Thursday, September 16, 2010
When I knew....
When I met my husband, I was the divorced mother of 3 wonderful children. My future husband had full custody of his daughter. If you think about it, that was amazing in itself; in our county that was almost an impossibility. I loved his sweet little four year old girl Chrystene (name changed). My mother's intuition was in high gear around Chrystene and I should have listened to it. I knew that this child was different, but I couldn't put my finger on it and I knew that my future mother-in-law was a different sort of person herself ( that is another story) so I didn't dwell on it to much. When Chrystene and my hubby finally became established members in our household I soon faced the worst nightmare a woman could ever imagine.

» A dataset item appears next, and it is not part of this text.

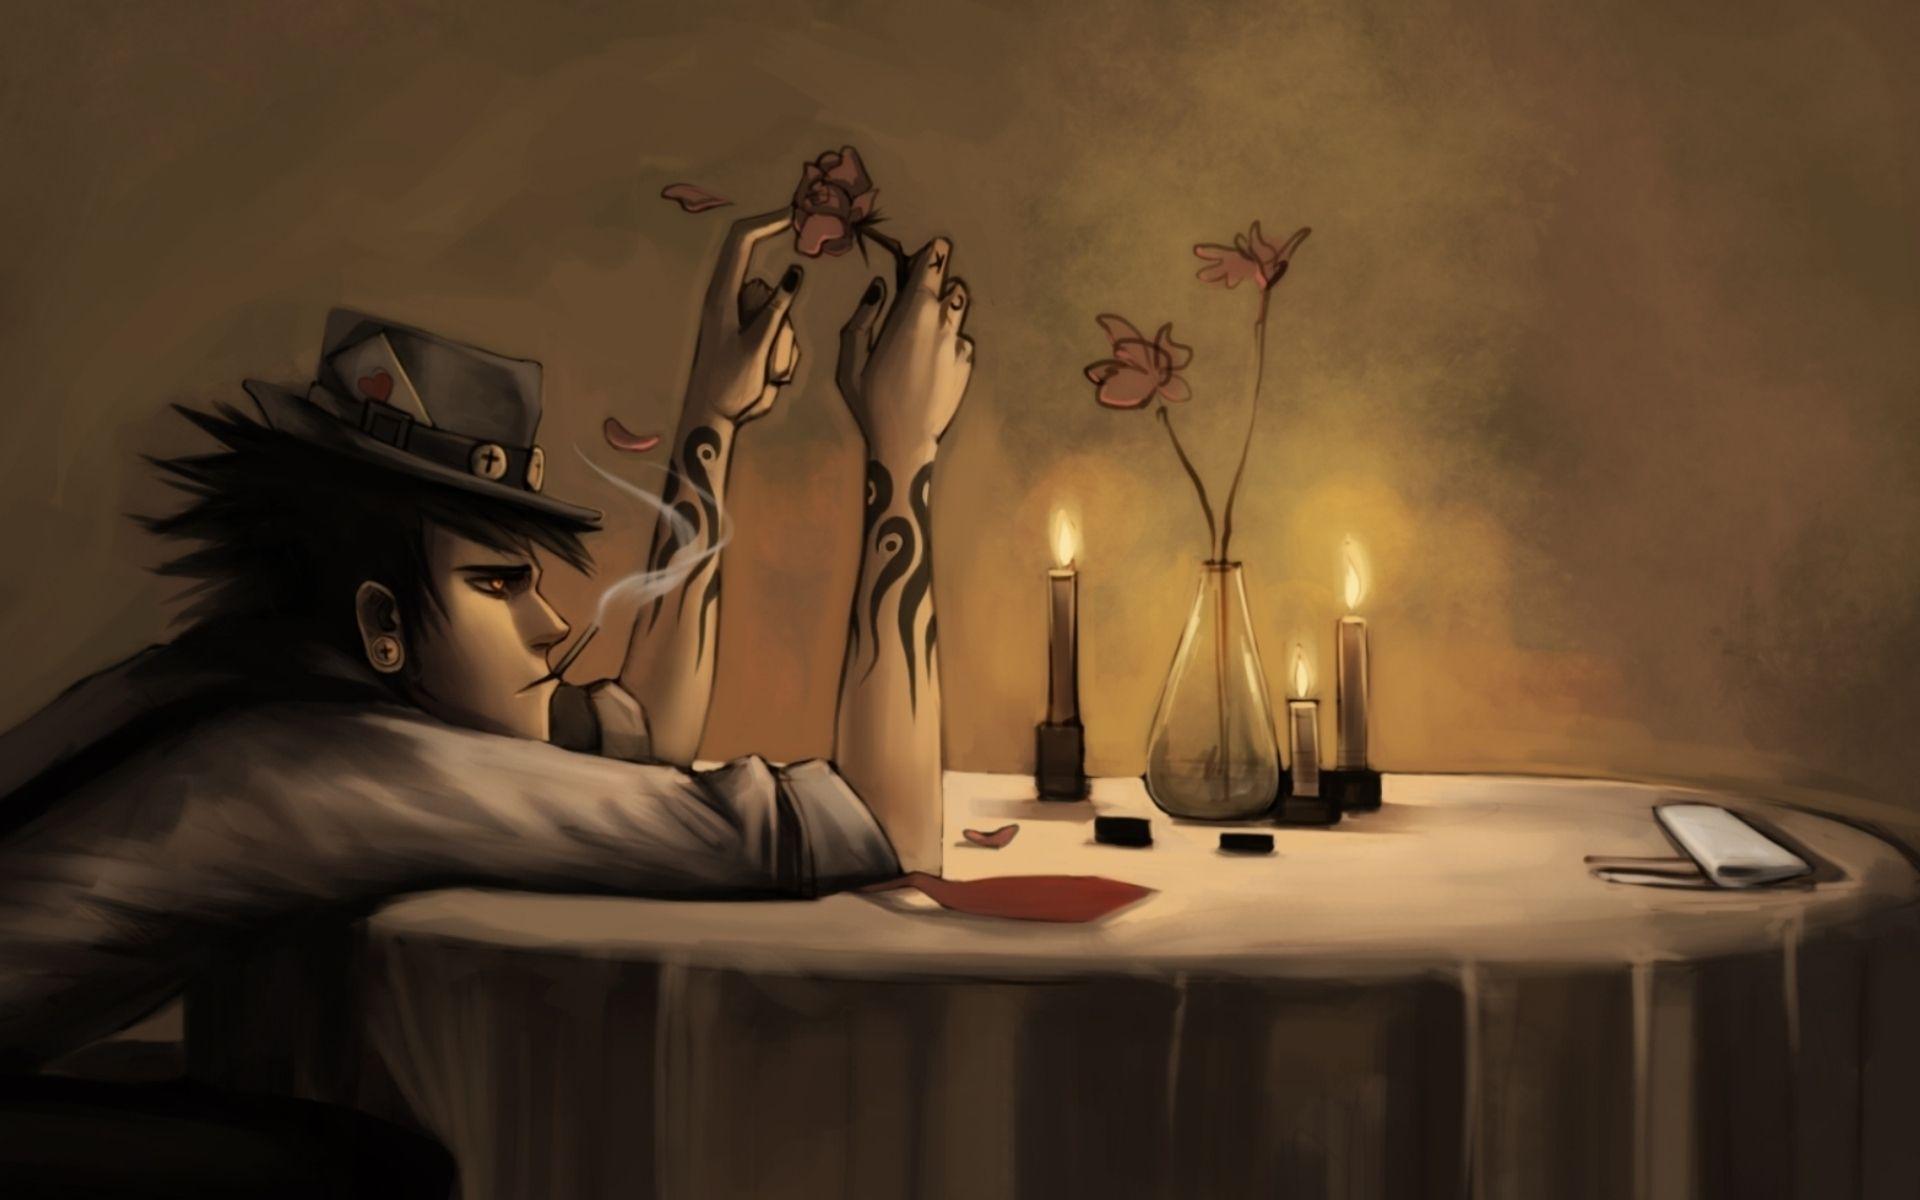 фэнтези одиночество картинки муж уходил войну

I now had a child who was four years old and completely afraid to step outside, she would stand in the doorway and scream at her shadow. I was unaware of this, my husband did a remarkable job at hiding this fact. I always wondered why he carried her everywhere, now I had my answer. I was dismayed how could this be? I loved the outdoors, how could I play with my children and yet not leave Chrystene out? I quickly thought of a game of "Everybody jump on your shadows" then we proceeded to "Everyone jump on everyone else's shadows". Luckily for me with the other children Chrystene played along. Hubby was amazed at my mothering skills, I told him that something was not right, that a child that age is curious about things and mostly fearless. His retort was that Chrystene was a sensitive child and was afraid of many things. Thus ensued the first of many arguments, as I look at it now I was completely unaware of how my family would never be the same, never be "normal" again. That I would become a different person and how my parenting skills would become quoted as "outside the box." I always thought that as long as you did not give someone the "power" you could control any situation. Soon I would learn that my lifelong beliefs were completely wrong.